» **Exercise directions**
Leave every picture out and return the rest of the listing verbatim.

» **Input data**
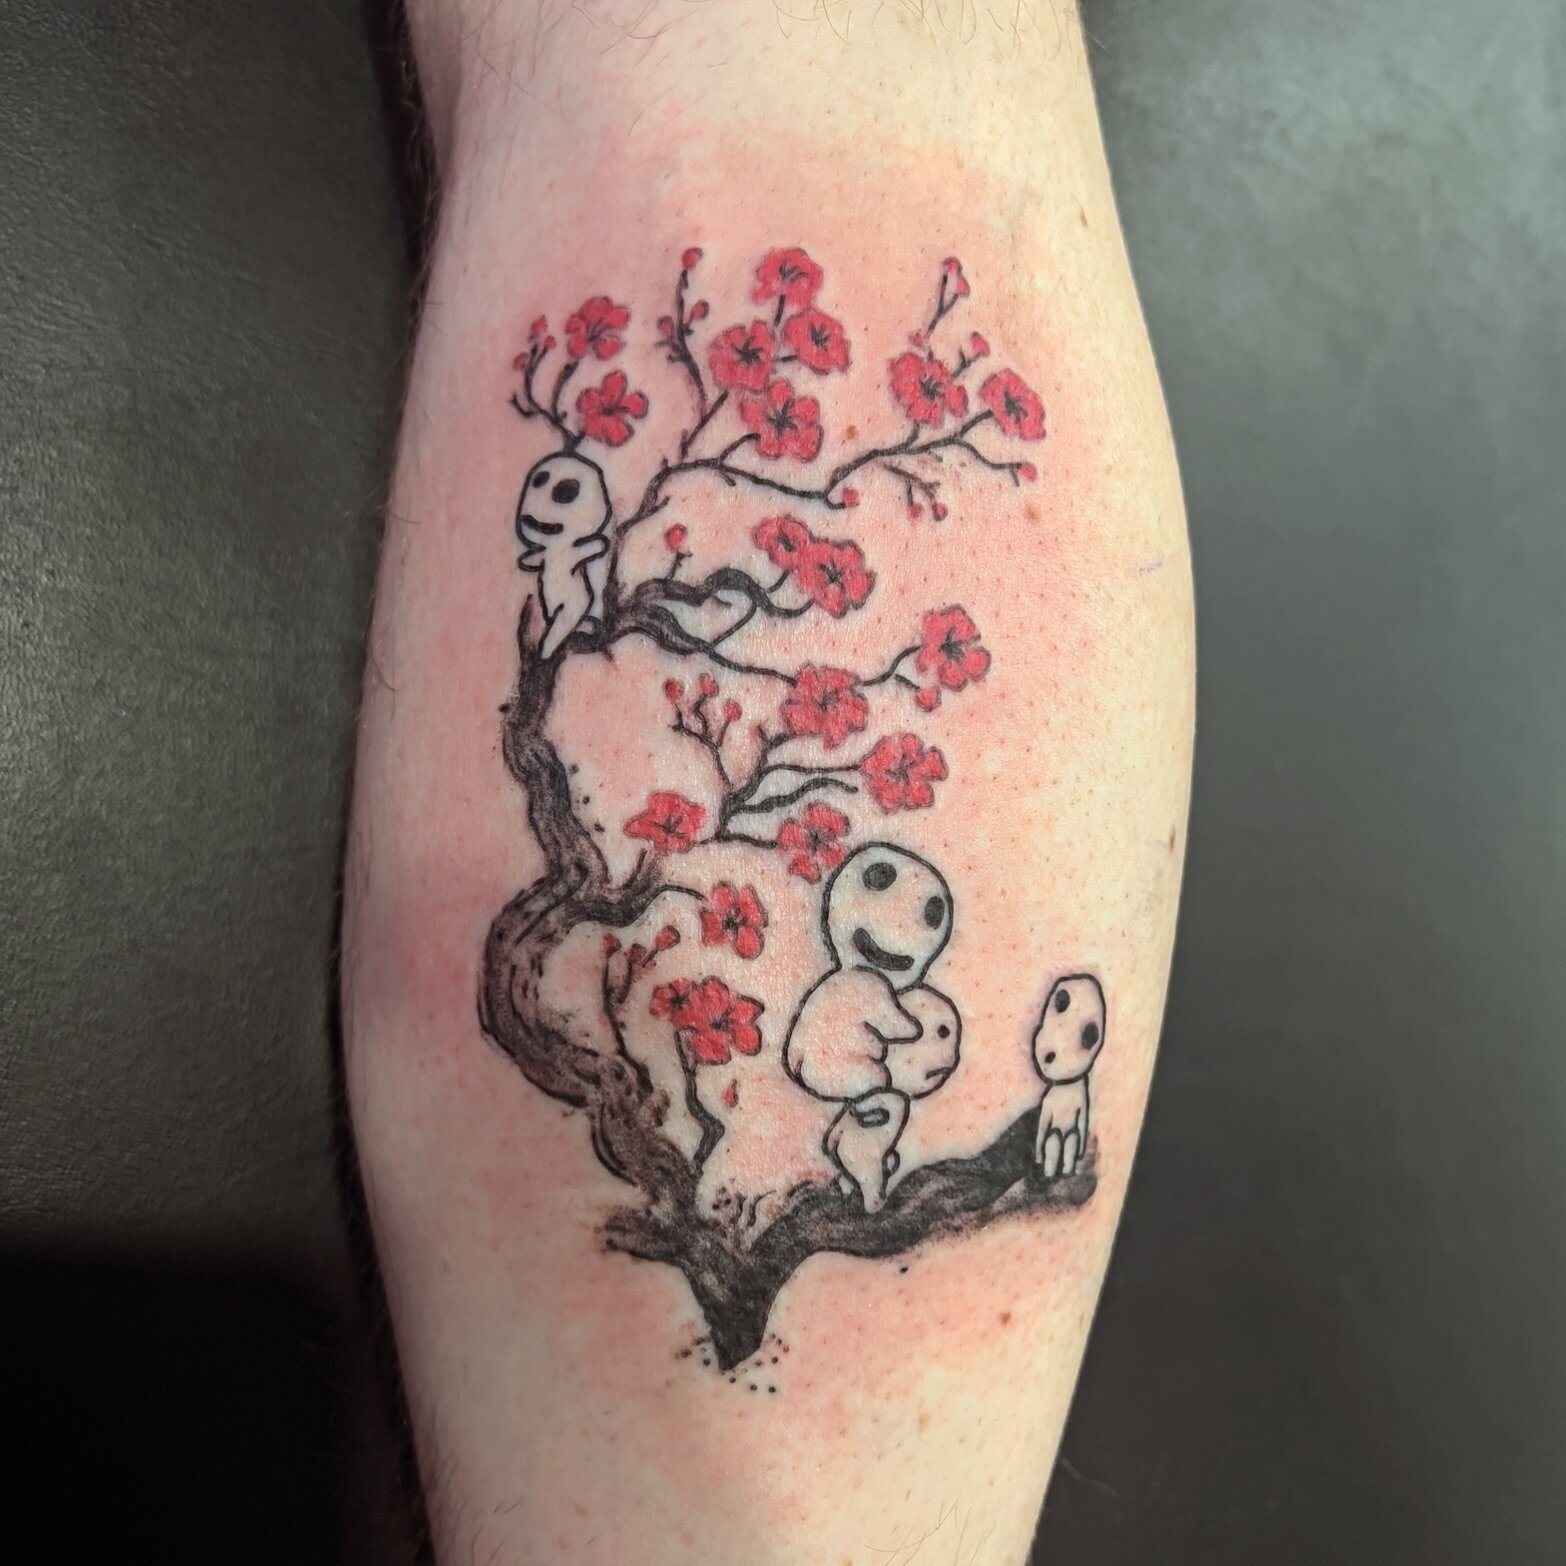 Fun walk in Tattoo I did this week. I&rsquo;ve got a lil time today too!!!

⬆️ This is one of my top fave Ghibli films. 

#reneeniestat2 #mystichareartz #butterzmcloventattoos #robot #robotarmy #walkintattoo #walkinswelcome #princessmononoke #forests

» **Output**
 Fun walk in Tattoo I did this week. I&rsquo;ve got a lil time today too!!!

⬆️ This is one of my top fave Ghibli films. 

#reneeniestat2 #mystichareartz #butterzmcloventattoos #robot #robotarmy #walkintattoo #walkinswelcome #princessmononoke #forests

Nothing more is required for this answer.